--- DATA BELOW ---
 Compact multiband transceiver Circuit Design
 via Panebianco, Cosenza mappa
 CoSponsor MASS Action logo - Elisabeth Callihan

--- TASK TO CARRY OUT ---
Restate each line above word for word.

--- TASK ANSWER ---
 Compact multiband transceiver Circuit Design
 via Panebianco, Cosenza mappa
 CoSponsor MASS Action logo - Elisabeth Callihan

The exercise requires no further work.